Since 2008, when the first Iron Man rocketed into the box office stratosphere, there have been eight installments in the so-called Marvel Cinematic Universe, plus the Agents of S.H.I.E.L.D. TV series.
It's a universe where Asgard and Stark Industries, the Mighty Thor and the Incredible Hulk share space, where the costumed crimefighters spawned in midcentury comic books can pull up barstools, commiserate about the burdens of fame, and strike out against common foes. A place where Marvel patriarch Stan Lee inevitably shows up in a winking cameo, and where the end credits of any given title promise new challenges to come in the next - usually in a scene with Samuel L. Jackson as the eye-patched S.H.I.E.L.D. honcho Nick Fury.
It's crossover heaven, full of synergy and mutual realities and knowing asides that make fanboys and fangirls goofy with joy.
It has also become, with each new title, more about marketing and profit sharing than about mythology and universe-sharing.
Which brings us to Captain America: The Winter Soldier, a state-of-the-art (or commerce) blunderbuss of digitally rendered aerial dogfights, kabooming fireballs, chase sequences, and battle scenes - and "serious" questions about the line where personal freedom and national security butt heads.
Sure, it's got Scarlett Johansson as the martial arts mistress and superspy Natasha Romanoff, slinked out in her Black Widow jumpsuit. And she and Steve "Cap" Rogers (the Popeye-biceped Chris Evans, back in the title role) get off some friction-force banter. Jackson, barking gruffly and conspiratorially, has a pivotal role: dispatching Captain America and the Black Widow on missions of utmost urgency, then getting gunned down (down, but is he out?) after an epic armored SUV chase on the streets of the capital.

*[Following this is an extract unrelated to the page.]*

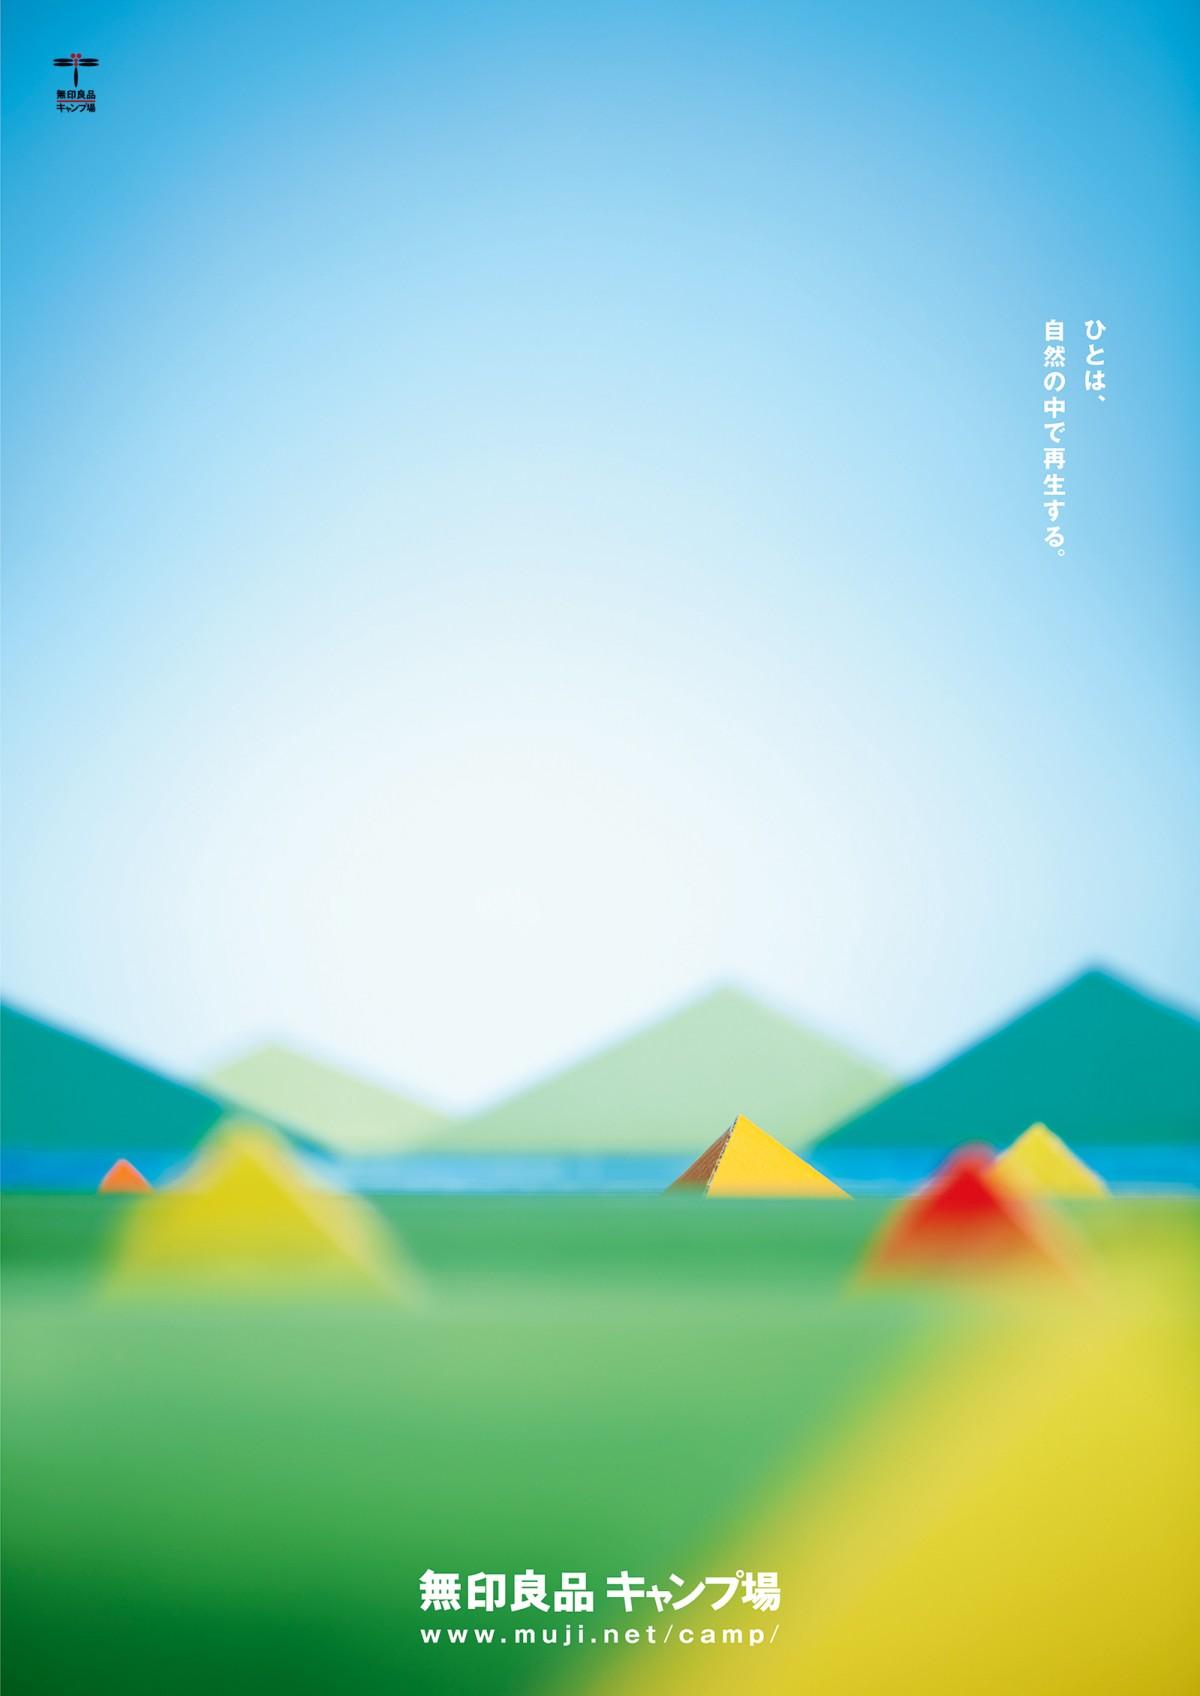 無印良品キャンプ場 2019 | 新村則人・庭野広祐

Defrosted from his cryogenic deep-sleep at the end of 2011's World War II-set Captain America: The First Avenger, Steve Rogers finds himself in modern-day Washington, still trying to align his 1940s sense of what's-what with the head-spinning, pop-cult craziness of the new millennium. He's old-school in a new-school world, and his Boy Scout ethos doesn't sit right with drone strikes and cyber-snooping.
Natasha, a creature of the KGB, can shrug off such issues - perhaps. But not Robert Redford, that sun-burned icon of progressive liberalism, cast here as the government chieftain overseeing the ominous Project Insight and its highly weaponized "helicarrier" ships. The intrepid reporter of All the President's Men is now one of those men, wielding power in a most unconstitutional way.
The problem with Captain America: The Winter Soldier is that there's too much going on: the Marvel Universe stuff, the WikiLeaks-ish paranoia stuff, the video game-ish CG visual effects stuff, the epic John Woo-ish everybody-pointing-a-weapon-at-everybody-else face-off stuff.
When director siblings Anthony and Joe Russo get a couple of characters talking one-on-one - such as Evans' Steve Rogers and Anthony Mackie's Sam Wilson, who works with veterans and works his way into the battle sequences thanks to his wing-packed superhero alias, Falcon - the movie feels grounded in something human.
But the rest of the time - and there's a whole lot of that rest of the time - Captain America: The Winter Soldier has its boots on familiar, formulaic, Hollywood turf.
Directed by Anthony Russo and Joe Russo. With Chris Evans, Scarlett Johansson, Samuel L. Jackson, Robert Redford, Anthony Mackie. Distributed by Walt Disney.
Running time: 2 hours, 16 mins.
Parent's guide: PG-13 (action, violence, adult themes).